Sepanjang malam, ratusan manusia dari berbagai latar konflik tidur saling berdesakan. Hampa dan resah menemani setiap gelap yang tak kunjung fajar. Makanan hanya diberikan dua kali sehari dengan menu roti gandum tak layak konsumsi. Kerap di antaranya melawan kegelisahan dengan cara mengutuki diri atau membenturkan kepala ke dinding. Sesama pengungsi saling berkelahi seperti hendak saling membunuh. Betapa banyak di antara mereka menggeliat menentang maut. Mereka menjerit-njerit, menyeringai, mengepalkan tinju serta menendang apa-apa yang mendekatinya, seakan sesuatu dilihatnya itu serupa malaikat kematian yang akan mundur jika terus dilawan.

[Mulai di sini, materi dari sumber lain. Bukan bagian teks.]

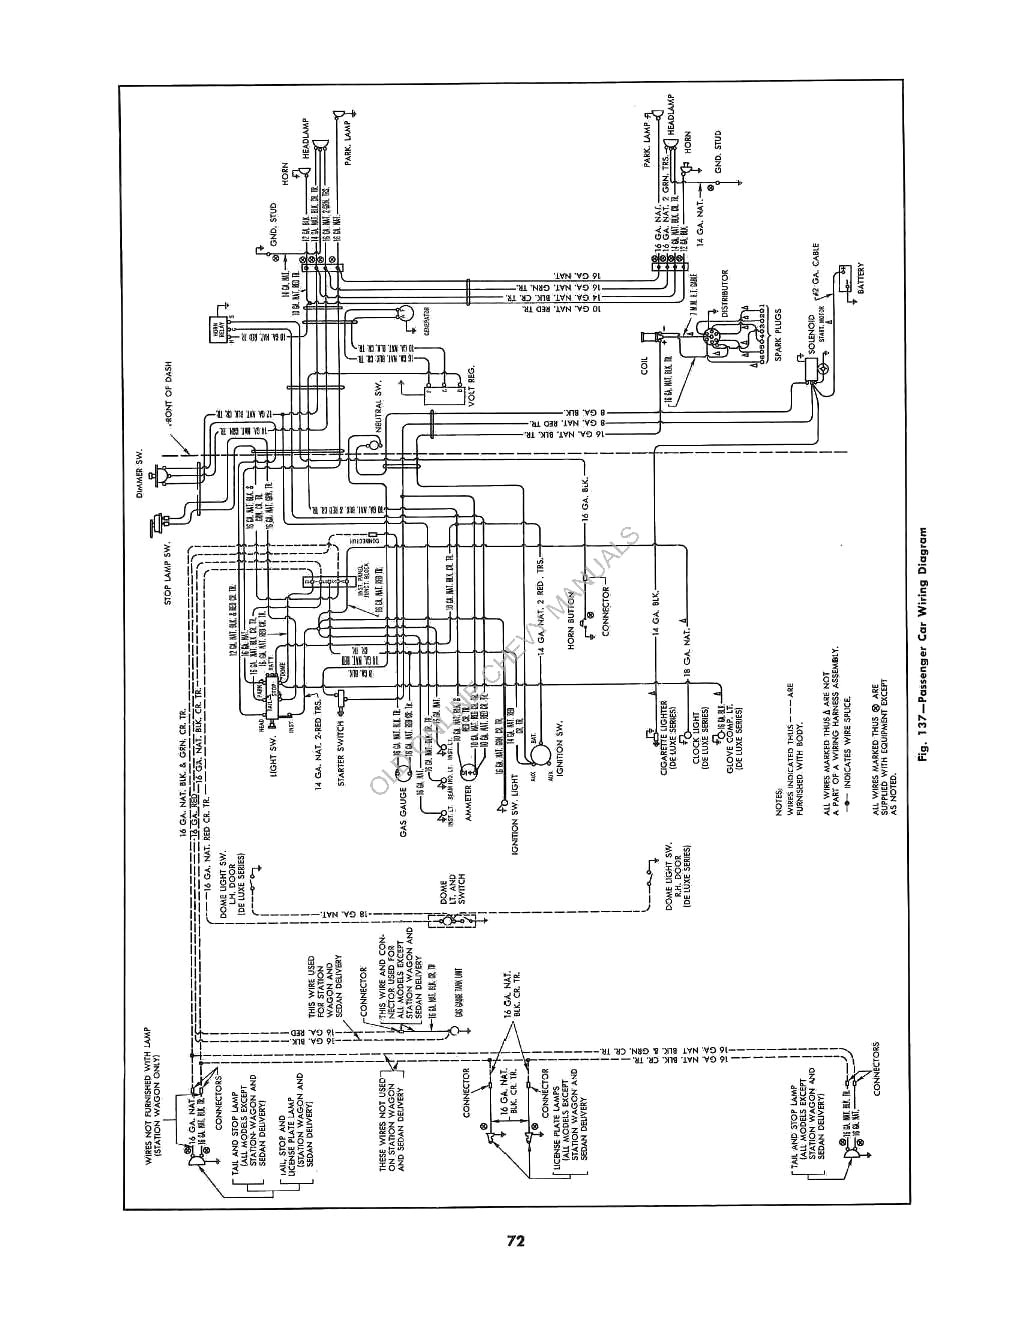 1950 chevrolet passenger car maintenance manual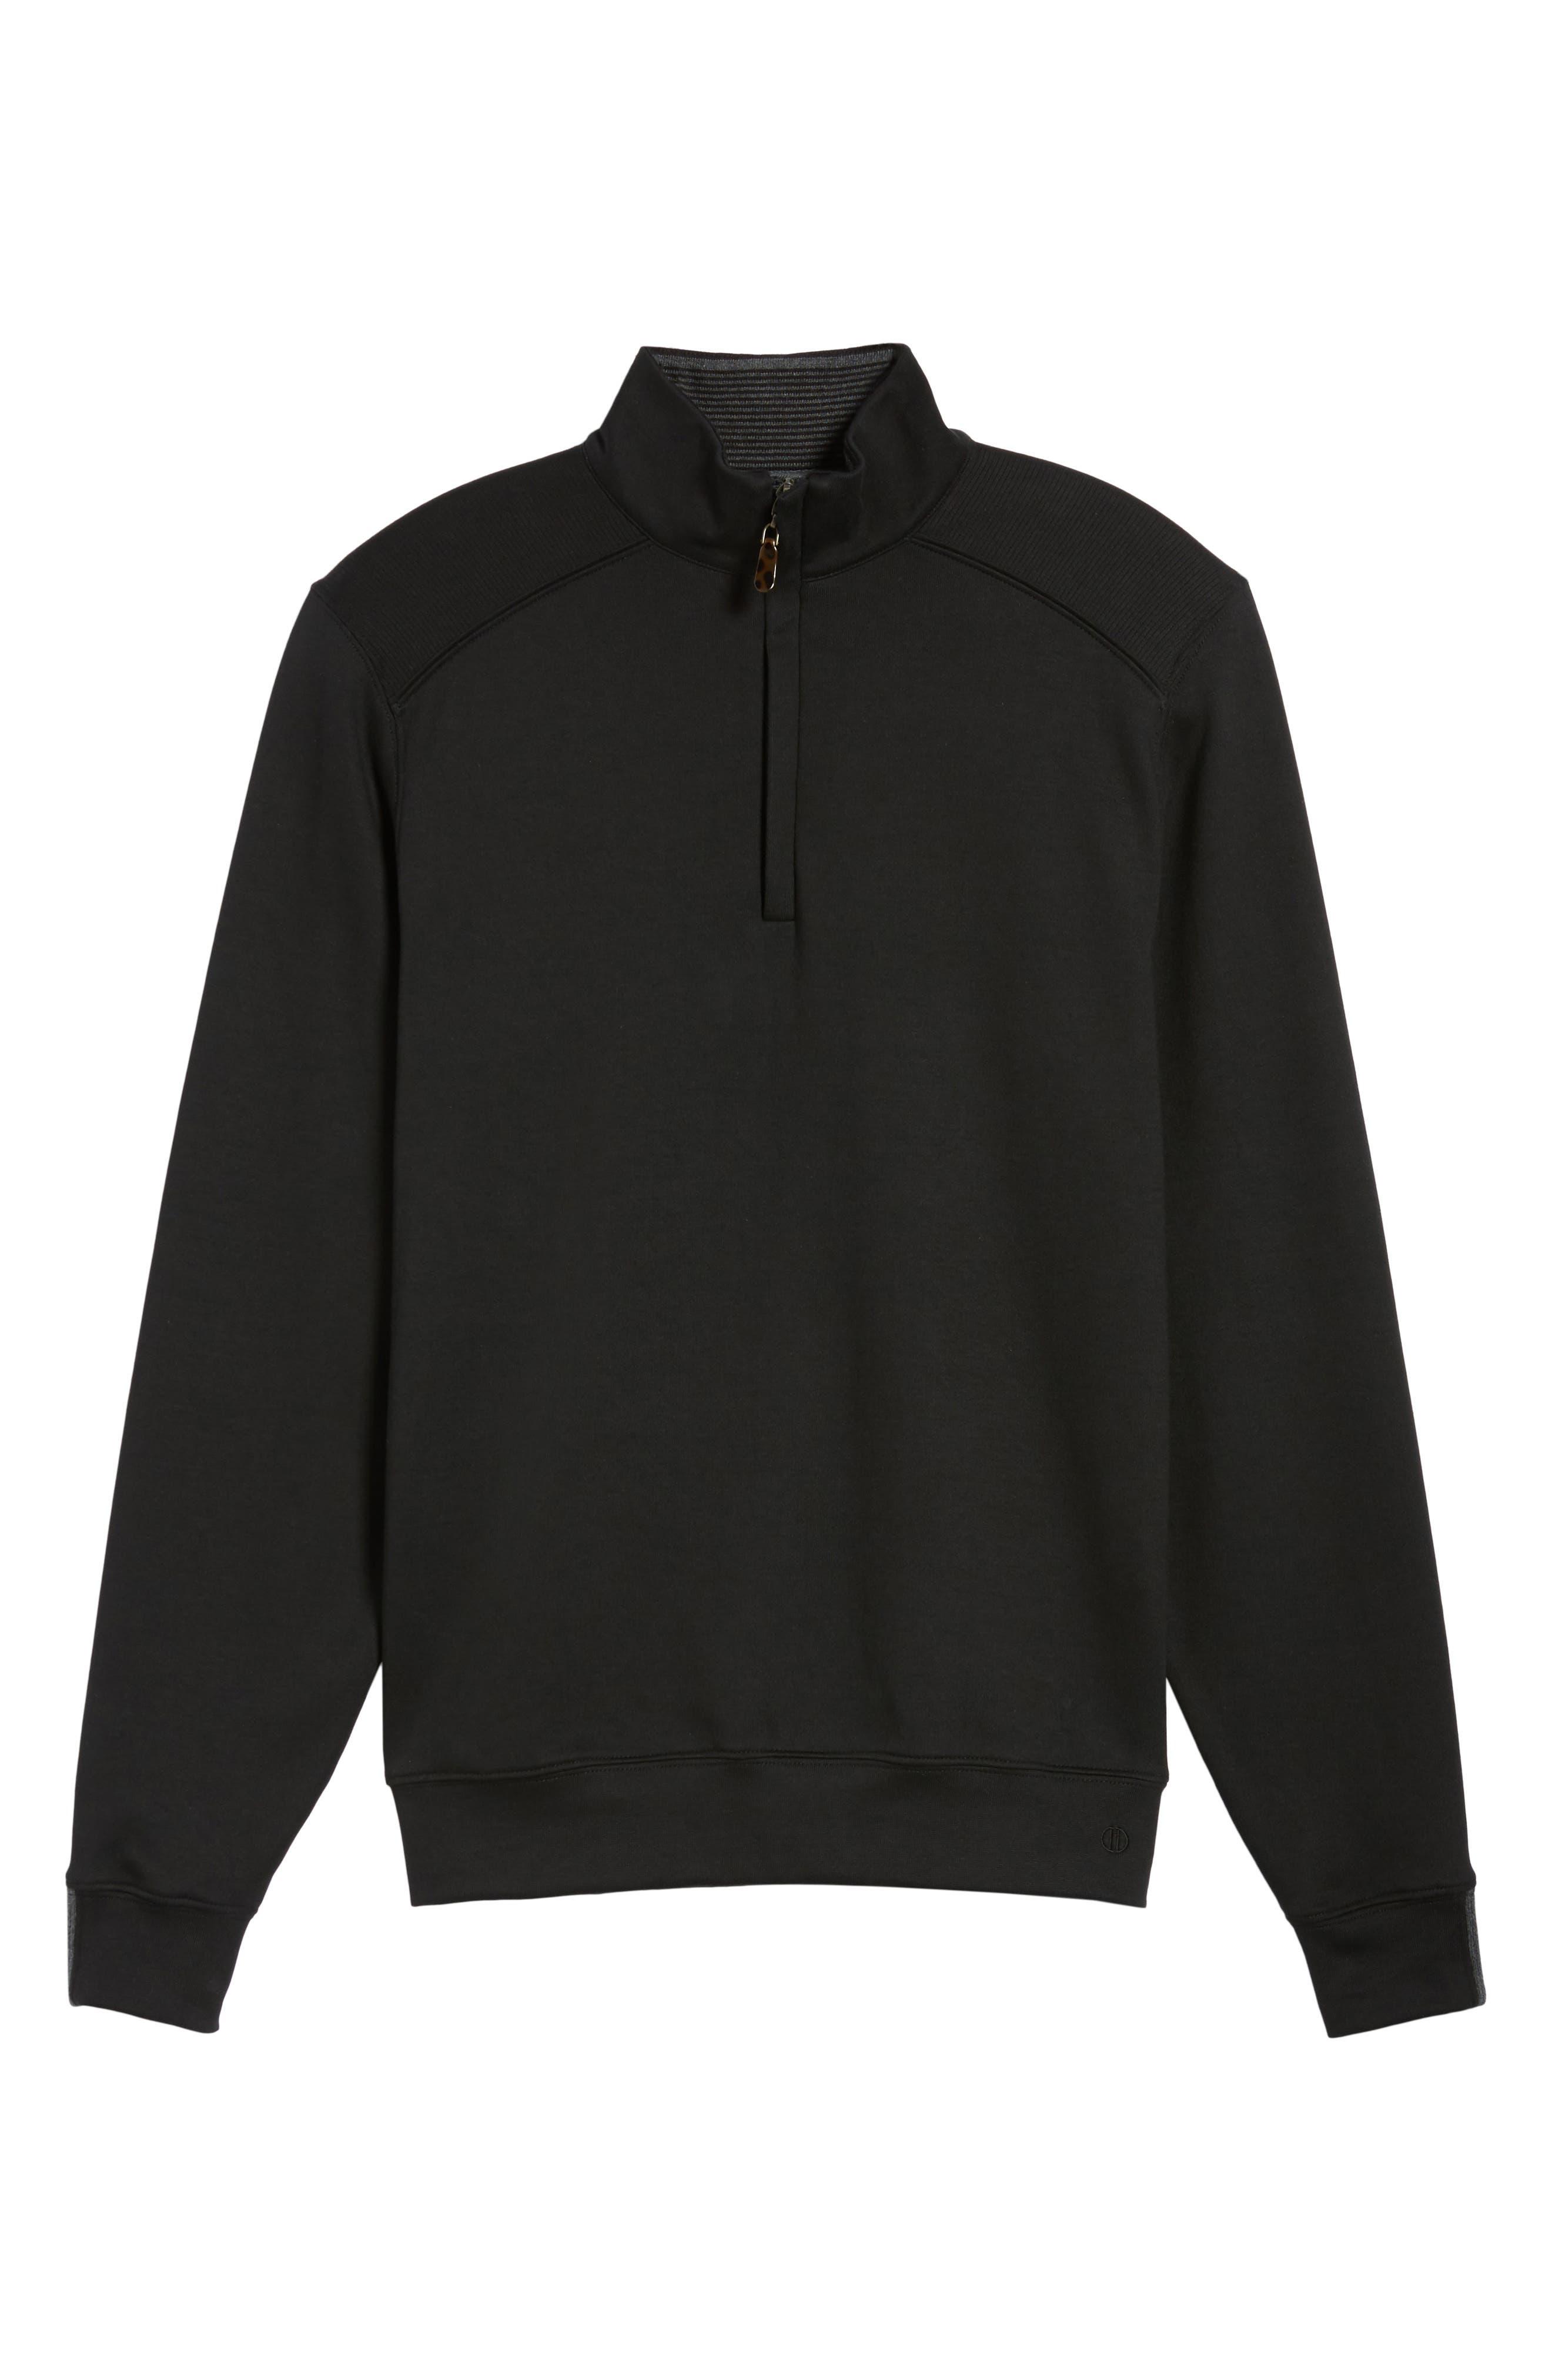 Interlock Knit Quarter Zip Pullover,                             Alternate thumbnail 6, color,                             Black

Oh, yang paling mengenaskan apabila mengingat nasib anak-anak malang itu. Mulai yang baru belajar memanggil ibunya hingga yang beranjak remaja. Mereka terkapar karena lapar. Napasnya berat, pendek-pendek tak tentu, sementara itu orang-orang dewasa sekitarnya sibuk menghabisi sesama dan berusaha mendobrak pintu baja berharap lemparan sisa roti dari tangan-tangan serdadu demi tetap hidup dalam gelanggang pertarungan antara lapar dan haus. Itu sebabnya selama peristiwa itu berlangsung, aku hanya duduk diam dan menyaksikan mereka sekarat satu-persatu sekalipun punggungku terasa nyeri akibat didorong atau tak sengaja terkena pukulan. Mengajak bicara salah satu dari mahluk buas ini hanya akan memperparah memar di tubuhku.
Demikian suasana jiwa kebanyakan manusia yang sedang berhadapan dengan maut. Andai berakhir di liang kubur dan tidak ada apa-apanya lagi maka kematian tidak ada artinya bagiku. Namun, jika sesudah mati nasibku masih berlanjut menjadi santapan hewan buas piaraan para pemimpin serikat atau membusuk di ratapan dinding ini, apa gunanya hidup yang penuh kepedihan semacam ini dipertahankan?
Hari demi hari kami terus menunggu bagaimana ujung jalan penderitaan ini. Kekuatan raga dan psikis kian goyah laksana dihantui bayang-bayang ajal. Tepat hampir 4 minggu lamanya, aku hanya ditemani bayang-bayang kosong yang dihimpit 4 tembok bersama dengan sebagian pengungsi yang sudah hilang akal sehatnya.